A little thought shows that errors are cumulative, and that failure is always the gathering or intensification of some faulty condition. Let’s prove that by contradiction. One of the simplest and most common cases of error handling is input data checking in a user interface. For example, password checking for your bank account login. The simple error-handling code is:
if username.password <> password login.reject(“wrong password”)
That should work fine, right? Every time I submit a wrong password, it rejects the attempt and prompts for a retry. But software developers (and many bank website users) will recognize the problems with that solution, among them:
- Unbounded retry loop — if I keep getting it wrong, I can’t escape login
- Denial of service — bring down the server by overwhelming it with bad logins
- Eliminating wrong passwords — if it tells me “wrong”, I cross that try off my list
All of these real outcomes have something cumulative in them:
- Time — user may run out of patience
- Load — too much for server to handle
- Learning — revealing more and more information about correct password
Take another common example: the elevator. Would simple limit-checking work for stopping at the right floor? Let’s try.
if floor.location <> floor.desired elevator.descend
Bang! I wouldn’t want to be on that elevator. What’s cumulative? The momentum of the elevator, and the decreasing distance between current and desired location. (Even when nothing is wrong, that distance is commonly called “error”.) But a better example is the elevator’s door-closing protection. It started out with a simple:
if not (door.can_close) door.re-open
Wasn’t it fun back then to keep waving your hand in the door and watch it open again, and keep everyone on the other floors waiting? Quickly, though, elevator software designers realized that even if it’s totally unacceptable to ignore a deliberate foot in the door and start moving, it’s equally wrong to go on closing and re-opening forever. So they added that unpleasant buzzing sound, triggered when the retries reach a certain number or amount of time. Cumulative again.
Real-life error-handling, then, has to do more than test for the limit and reject it. It has to recognize faults, count or measure them, and prevent them from growing and leading to failure. In fact, since a fault may be just the limit of an otherwise acceptable condition (e.g. buffer almost full — OK; buffer overflow — fault), error prevention requires identifying and tracking resources even before they reach their limits.
The Tip of the Iceberg
We all like to think that functional requirements are the main thing, and successfully designing and coding to them is enough.
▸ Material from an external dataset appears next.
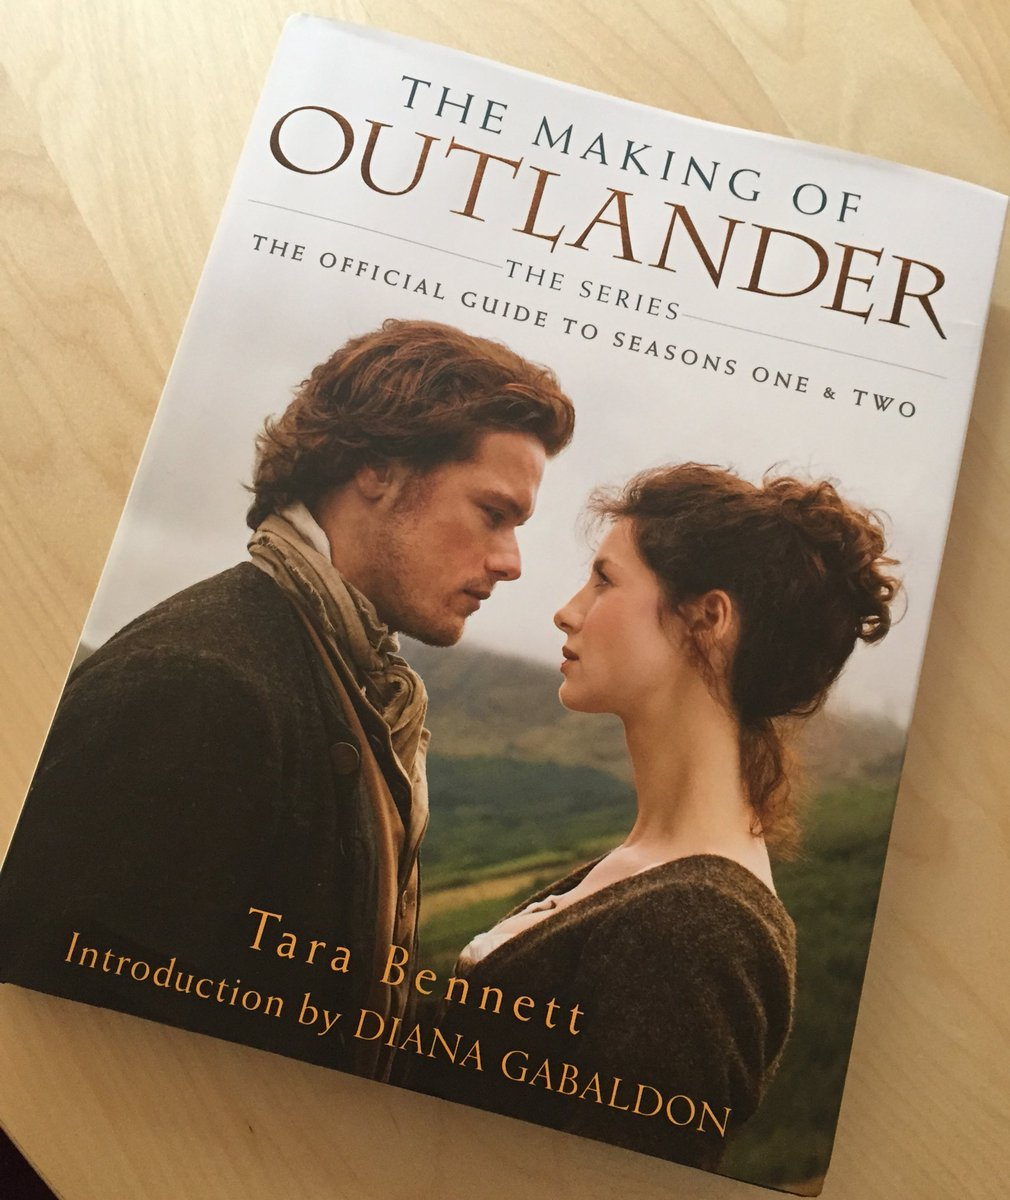 So exciting!! The book is REAL! #OutlanderTVCompanion #comingsoon #Droughtlander #Outlander https://t.co/lZbAGBUEtT

Who wants to worry about all the surprises from users, data, and even hardware?
But as Professor Behrooz Parhami shows, in a short (2-page!) article, Defect, Fault, Error,…, or Failure? (pdf), the “Ideal” state that we focus on is just one of 7 common possibilities. The other 6, descending into unpleasantness, are Defective, Faulty, Erroneous, Malfunctioning, Degraded, and Failed.
Our job is really twofold:
- Meet the functional requirements of the ideal state
- Keep the system in that ideal state, and avoid failure
Does failure avoidance have to take 86% (6/7) of the code? I don’t know. But it certainly sounds like the bottom half of an iceberg–a lot more than half is underwater.
Don’t get stuck
Having a standalone consumer application get stuck or crash, requiring reboot, is not the worst thing that can happen. (Worse is incorrect behavior that causes data loss or physical harm.) But requiring a reboot is the most annoying failure in non-safety-critical systems.
If there’s any good news, it’s that the list of fault modes is short:
- System resources exhausted
- Mistakenly idling
- Waiting for acknowledgement that never comes
- Deadlock
Did I miss any?
Only exception-safe code can avoid these undesired end states.
Design by Contract (DbC) is one way to exception safety.
Failure mode and effects analysis (FMEA) helps you plan a path to get there.